Your instructions:
Below are some records. Return exactly their lines from the one containing "31c5b832cb5e Get more" through the one containing "Pinguicula moranensis Ayautla", and drop the pictures.

Exercise data:
+ + +
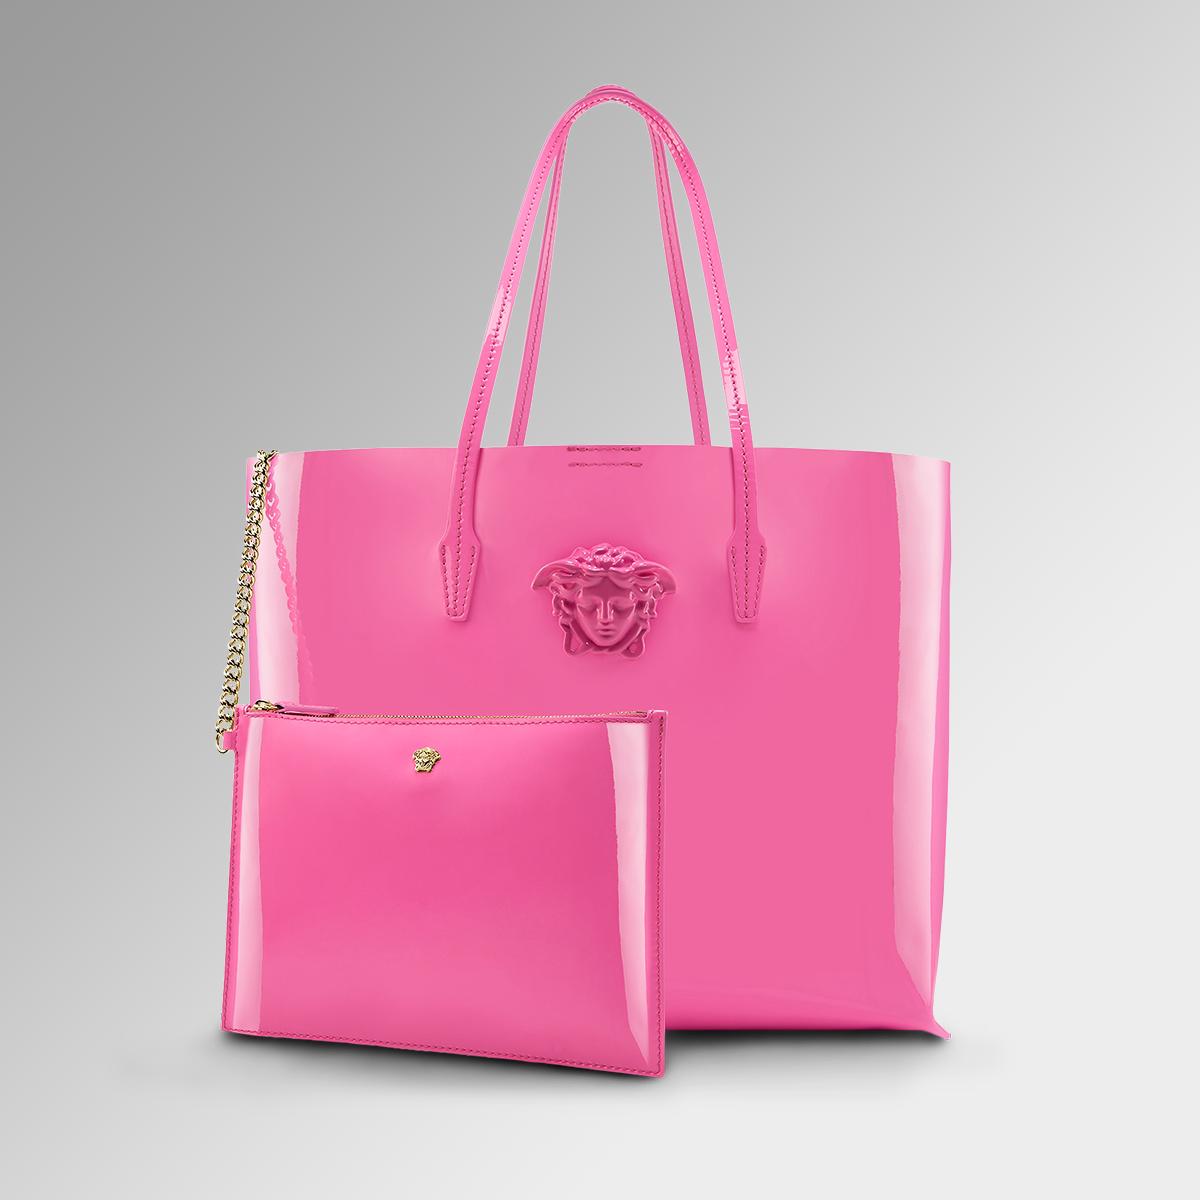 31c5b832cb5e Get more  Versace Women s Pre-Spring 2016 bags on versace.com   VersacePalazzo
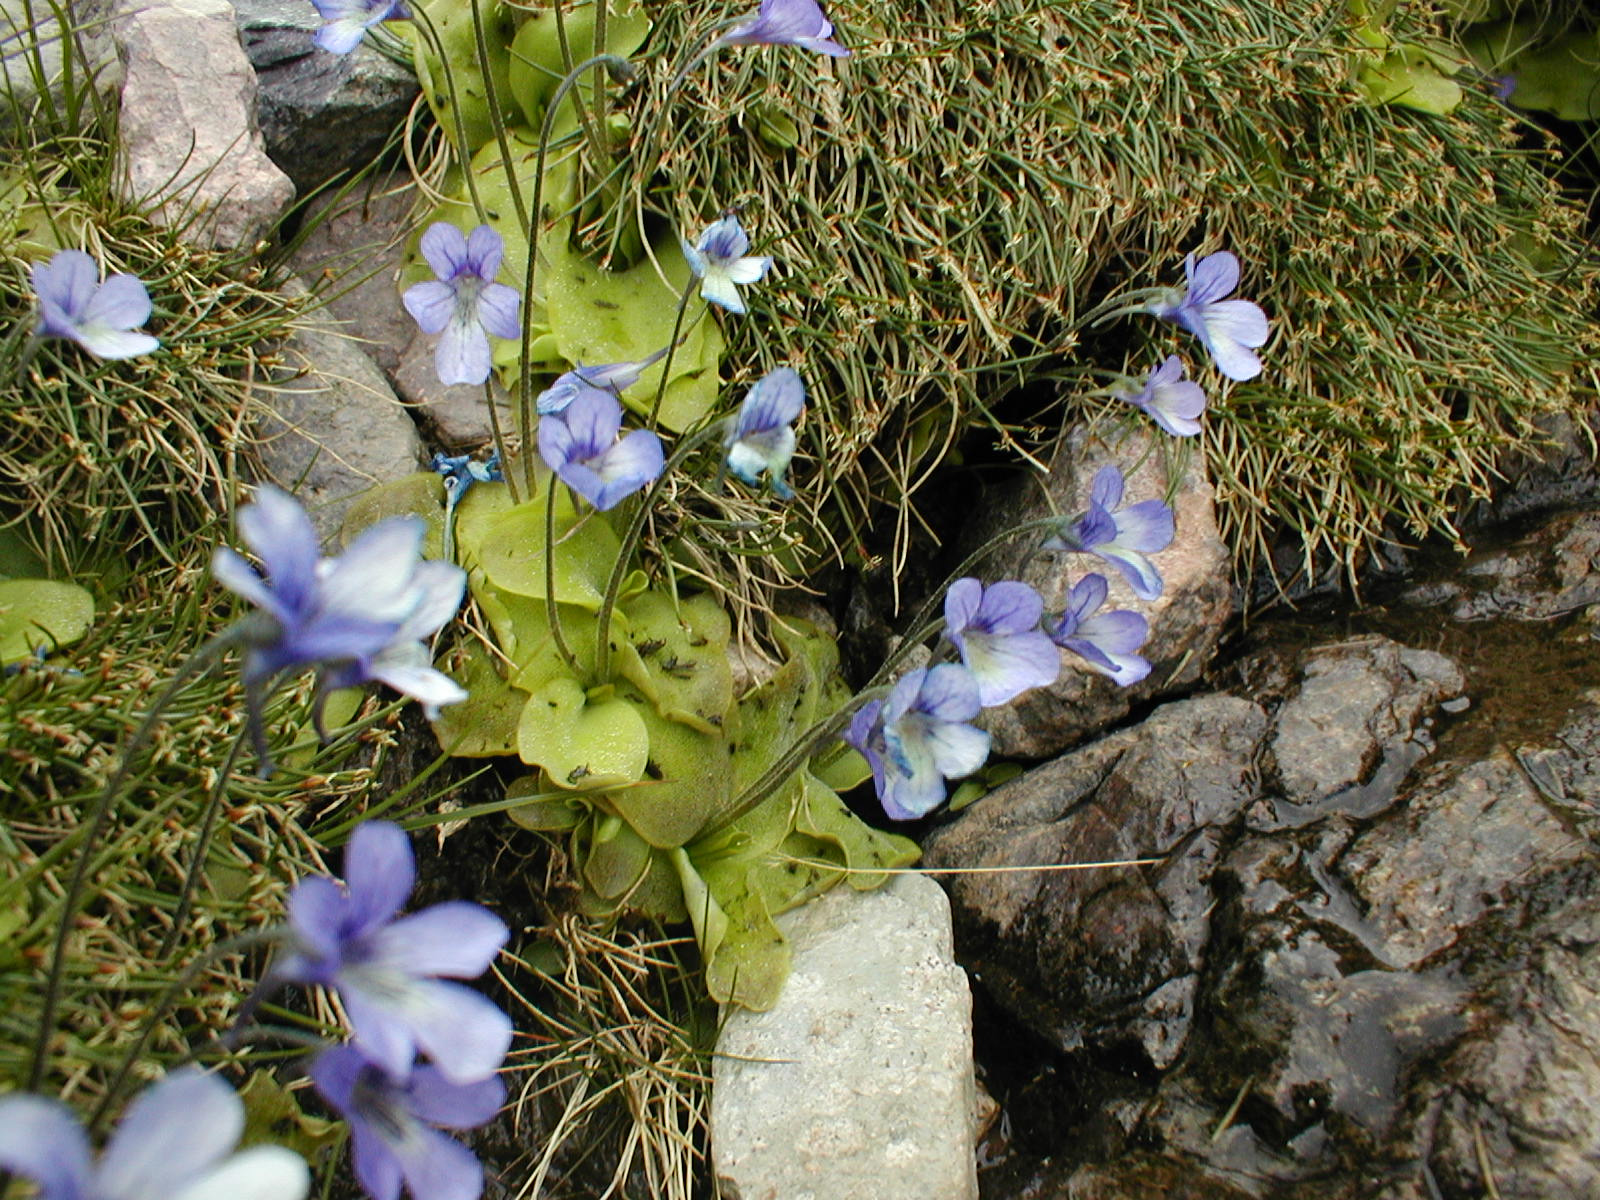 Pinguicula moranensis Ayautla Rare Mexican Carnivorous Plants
+ + +
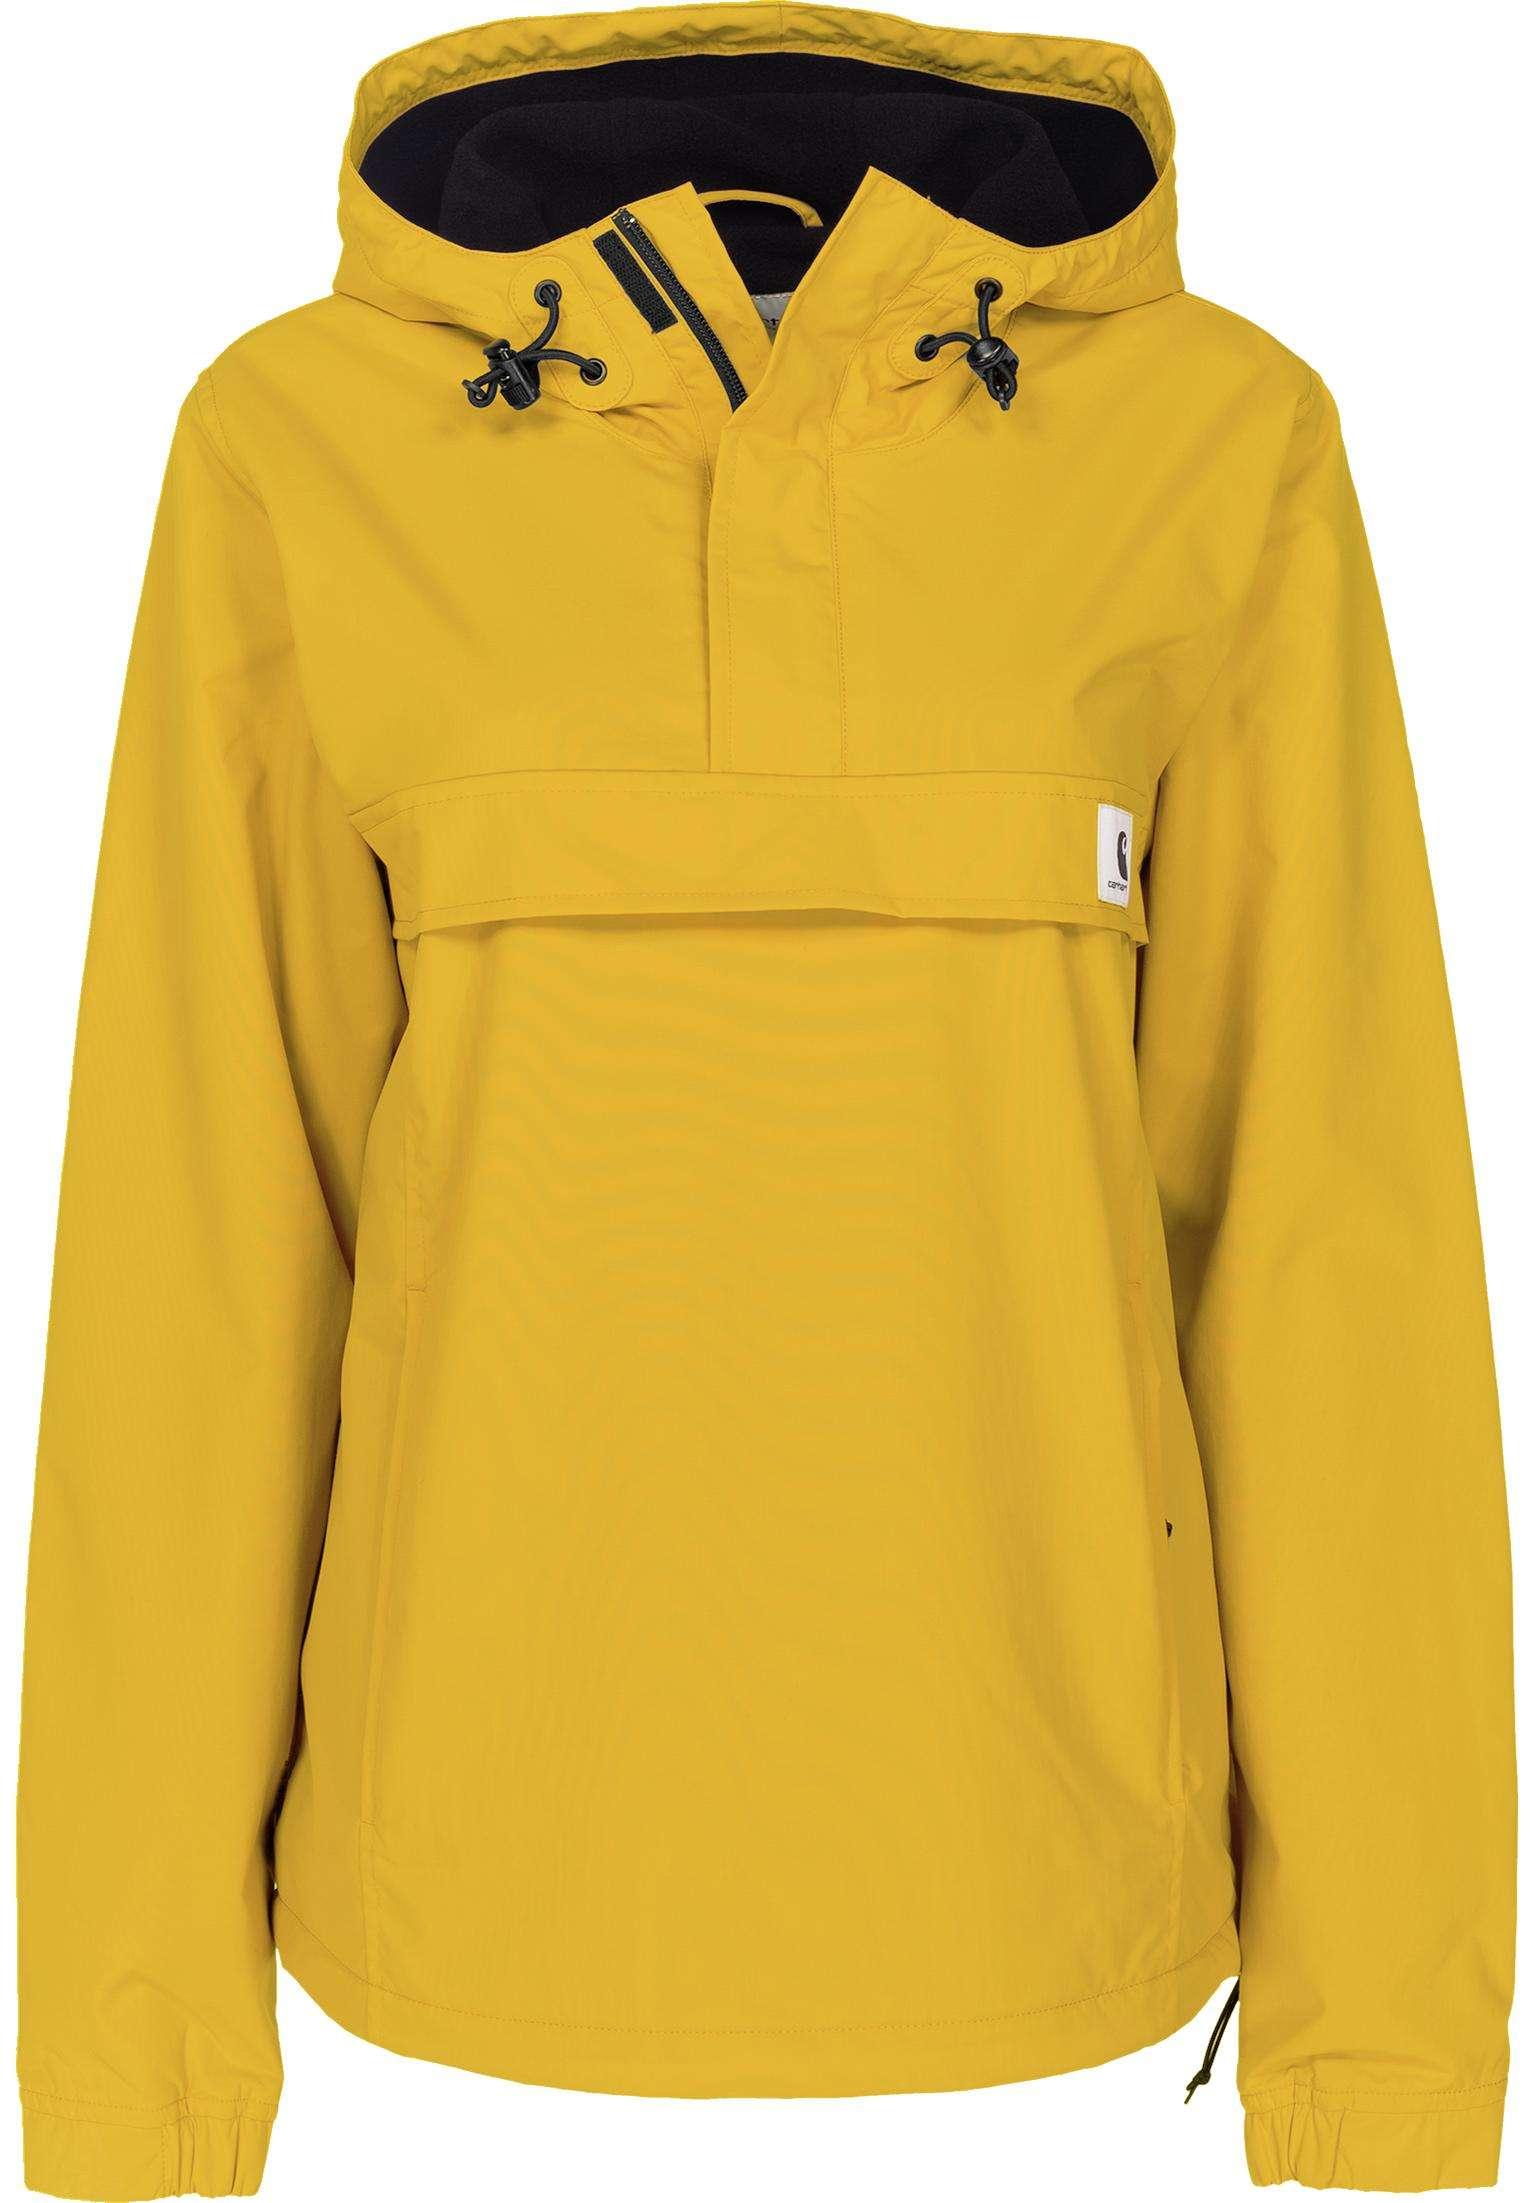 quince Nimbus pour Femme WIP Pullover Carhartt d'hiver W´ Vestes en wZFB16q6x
+ + +
Written answer:
 31c5b832cb5e Get more  Versace Women s Pre-Spring 2016 bags on versace.com   VersacePalazzo
 Pinguicula moranensis Ayautla Rare Mexican Carnivorous Plants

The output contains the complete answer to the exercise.